Он поднимает на нее взгляд. Овечка уже начала раздеваться, сняла часть вещей — блузку и юбку. Она высокого роста, со стройными ногами и широкими плечами.

— Что ж, к делу, — говорит врач. — Блузку для этого снимать вовсе не обязательно, деточка.

Овечка густо краснеет.

— Да уж оставьте, пусть лежит. Идите сюда. Минуточку, герр Пиннеберг.

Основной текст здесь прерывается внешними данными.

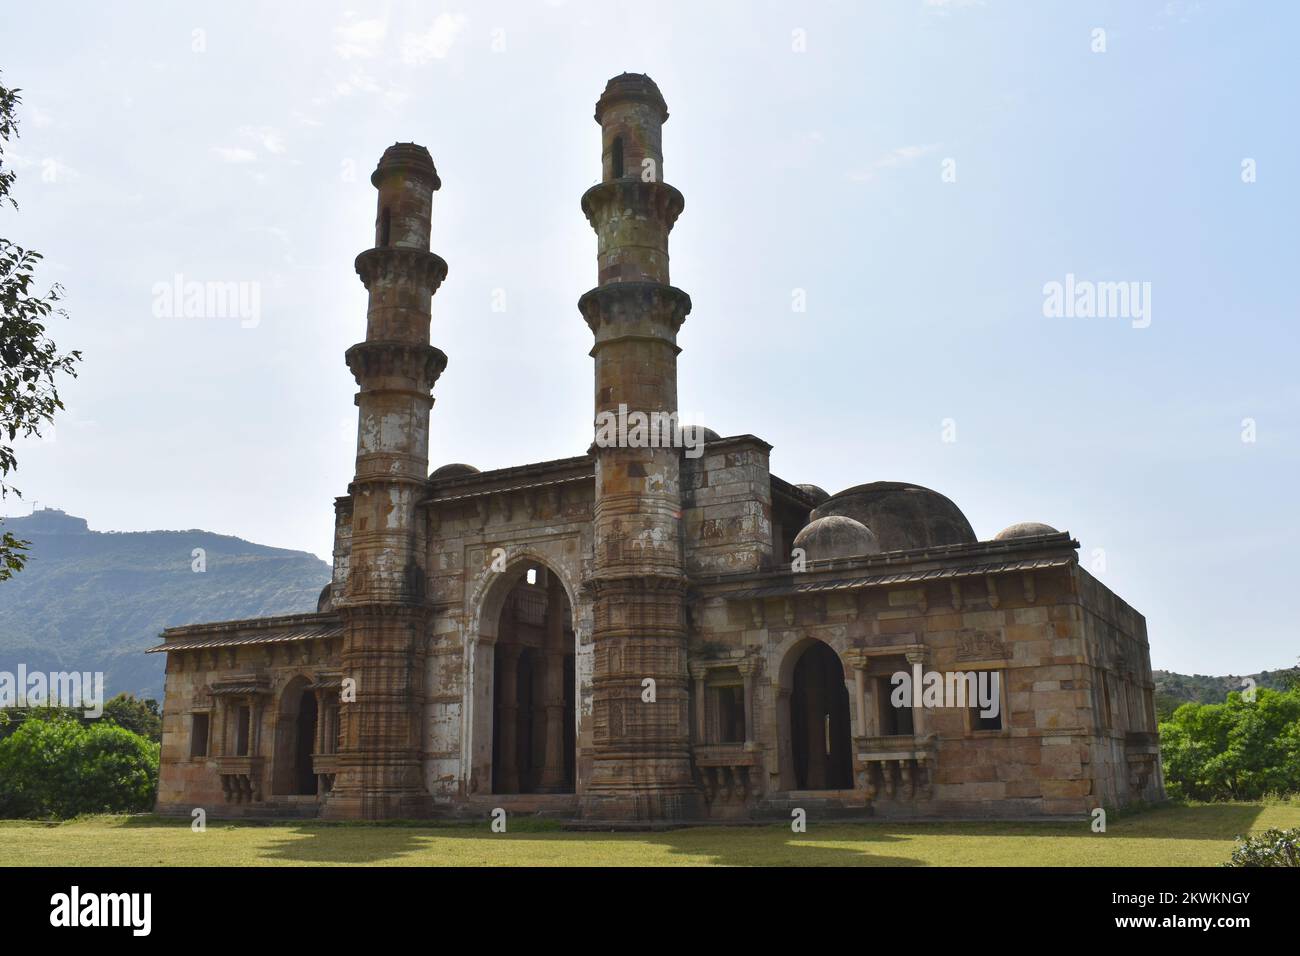 Kevda Masjid, built in stone and carvings details of architecture, an Islamic monument was built by Sultan Mahmud Begada 15th - 16th century. A UNESCO Stock Photo

Вдвоем они уходят в соседнюю комнату. Пиннеберг смотрит им вслед. Доктор Сезам не достает «деточке» даже до плеча, а в одних трусах Овечка кажется особенно высокой. Пиннеберг в очередной раз думает: какая же она красивая, лучшая девушка на свете, другой такой нет. Он работает в Духерове, а она здесь, в Плаце, и встречаются они от силы раз в четырнадцать дней, а потому его восторг всегда свеж, а аппетит просто неописуем.

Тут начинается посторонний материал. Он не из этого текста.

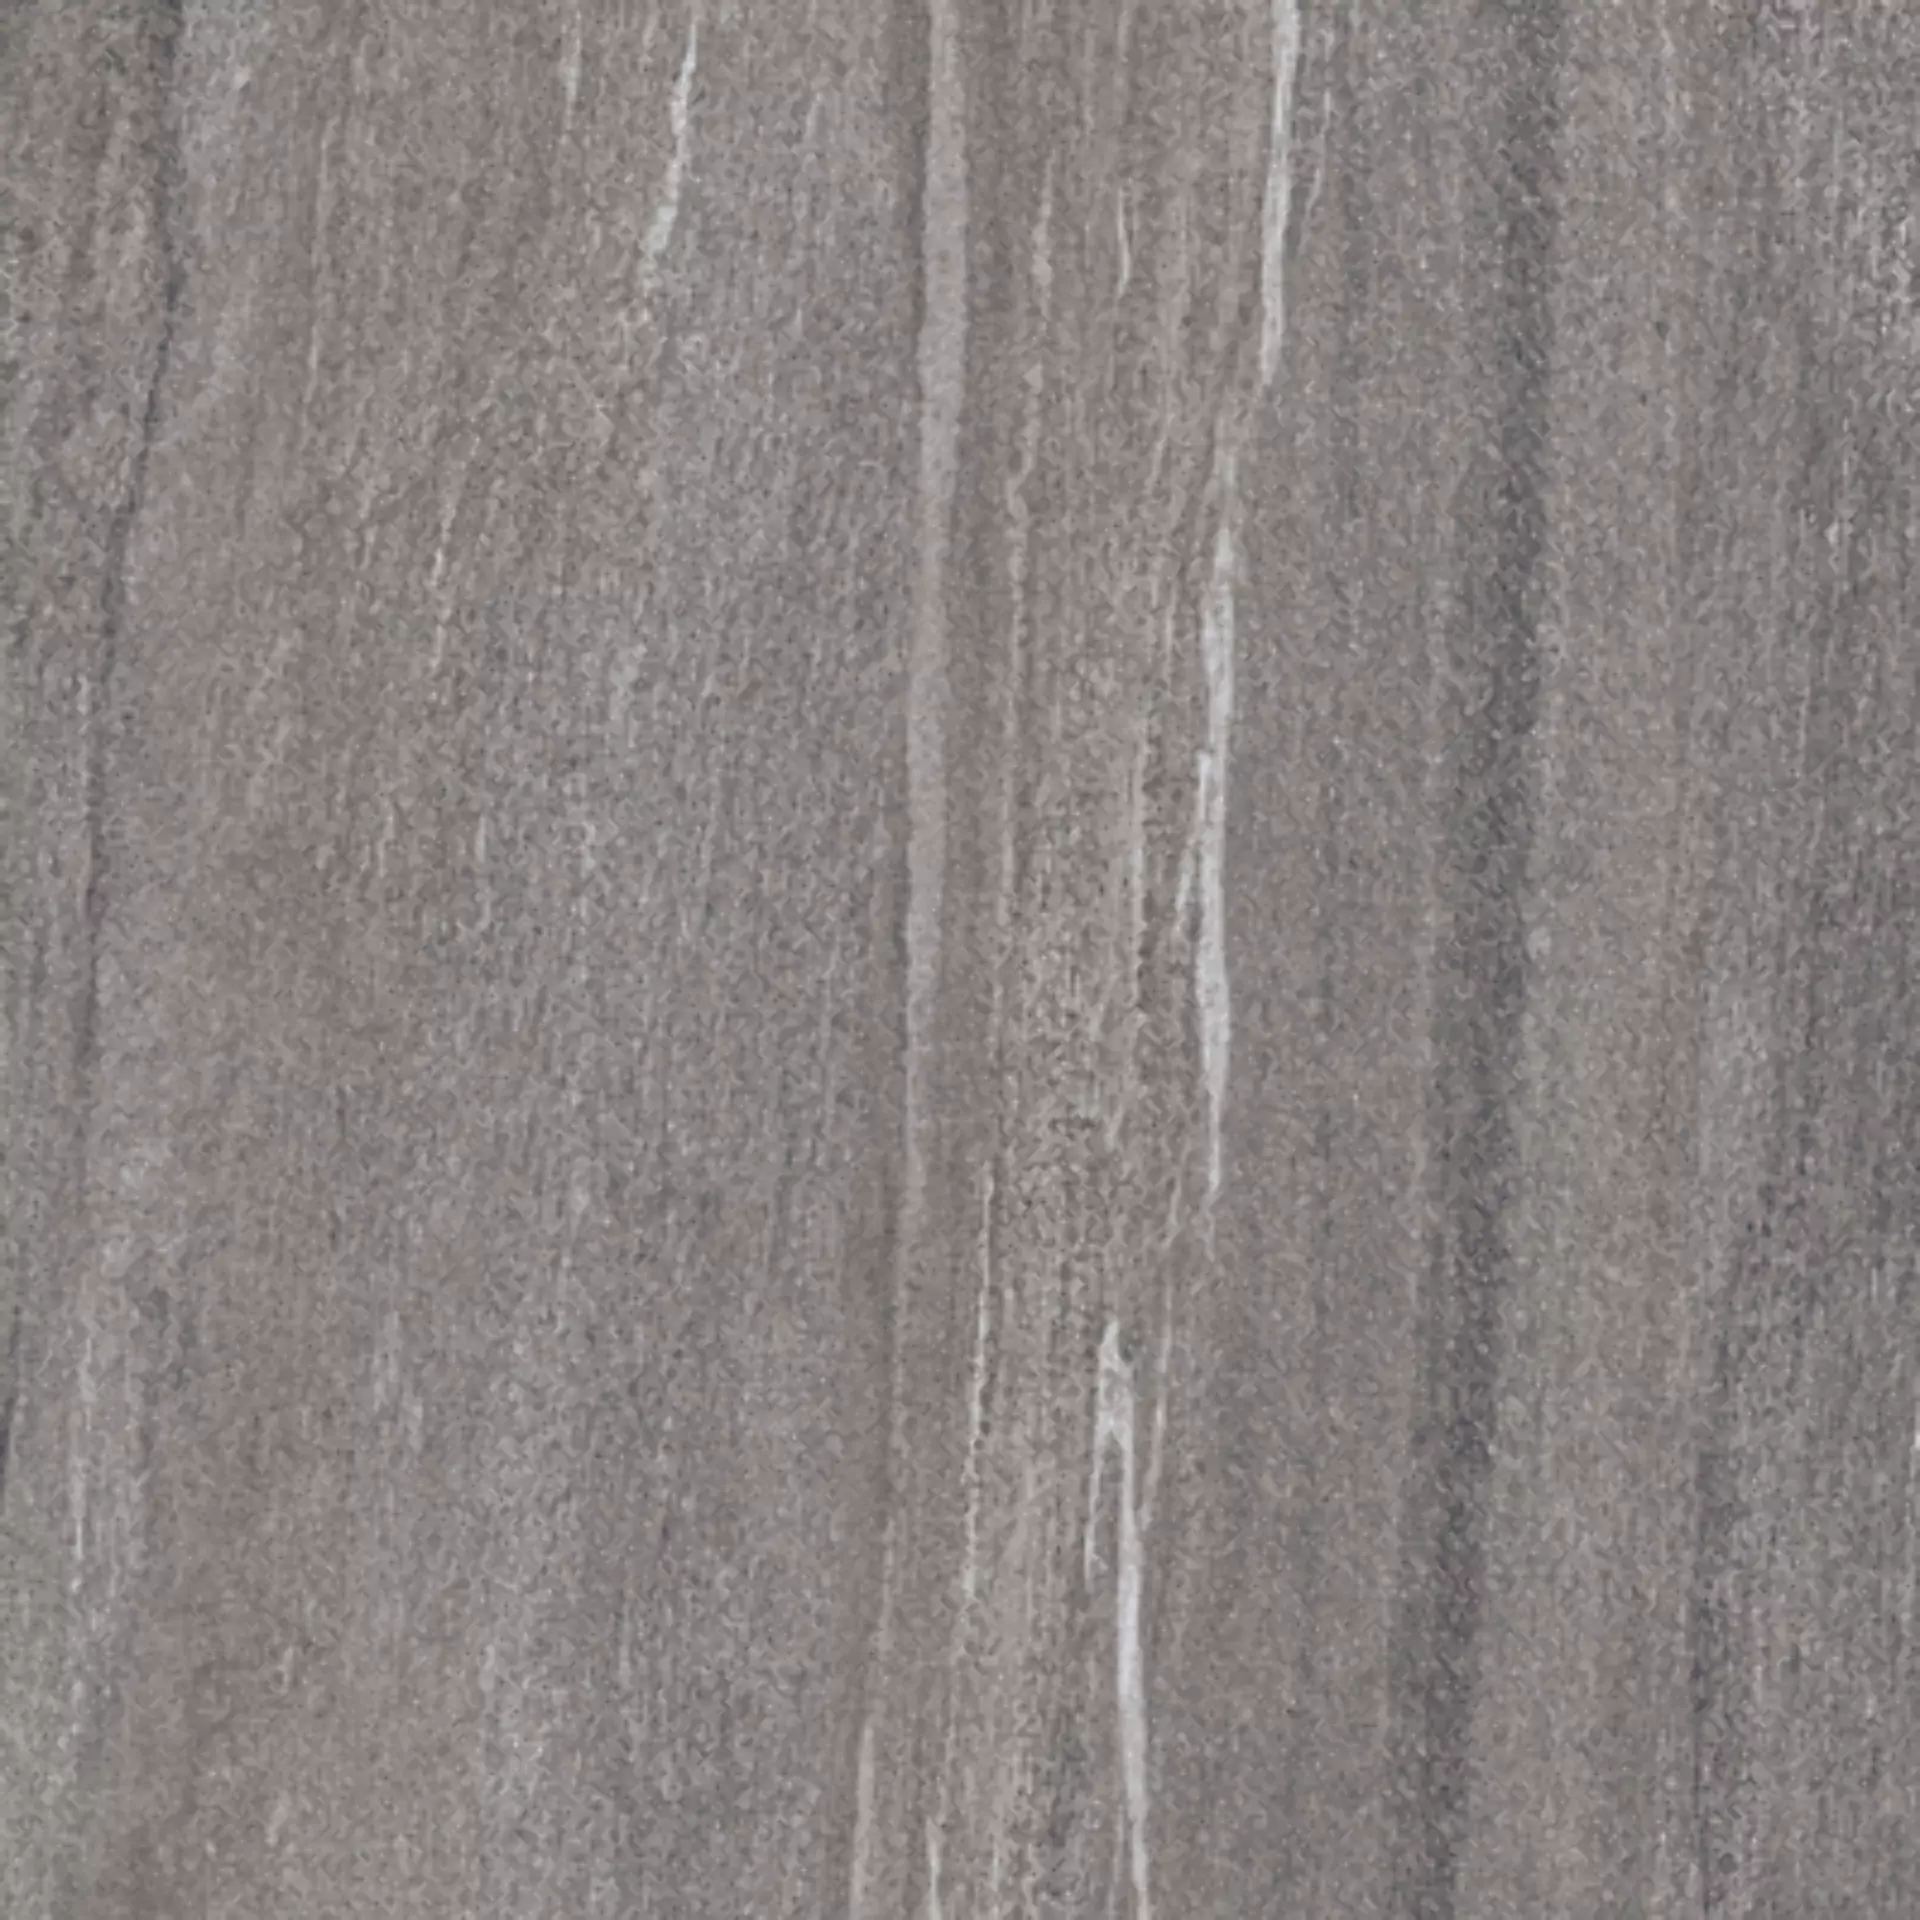 Keope Swisstone Anthracite Strutturato 46425731 60x60cm rectified 20mm

Из-за стены доносится голос врача, время от времени он задает вопросы, какой-то инструмент звякает о поддон; этот звук он не раз слышал у зубного — очень неприятный.

Вдруг Пиннеберг вздрагивает — такого голоса он у Овечки еще не слышал. Она говорит очень громко, звонко, почти кричит:

— Нет, нет, нет!

И еще раз:

— Нет!

А потом тихо, но он понимает:

— Боже мой!

Пиннеберг делает три шага к двери — что все это значит? Что там творится? Но тут опять раздается голос доктора Сезама — слов не разобрать, и снова звякает инструмент.

Повисает долгая тишина.

Лето в разгаре, середина июля, ярко светит солнце. Небо густо-синее, к окну тянутся ветки, покачиваясь на морском ветру.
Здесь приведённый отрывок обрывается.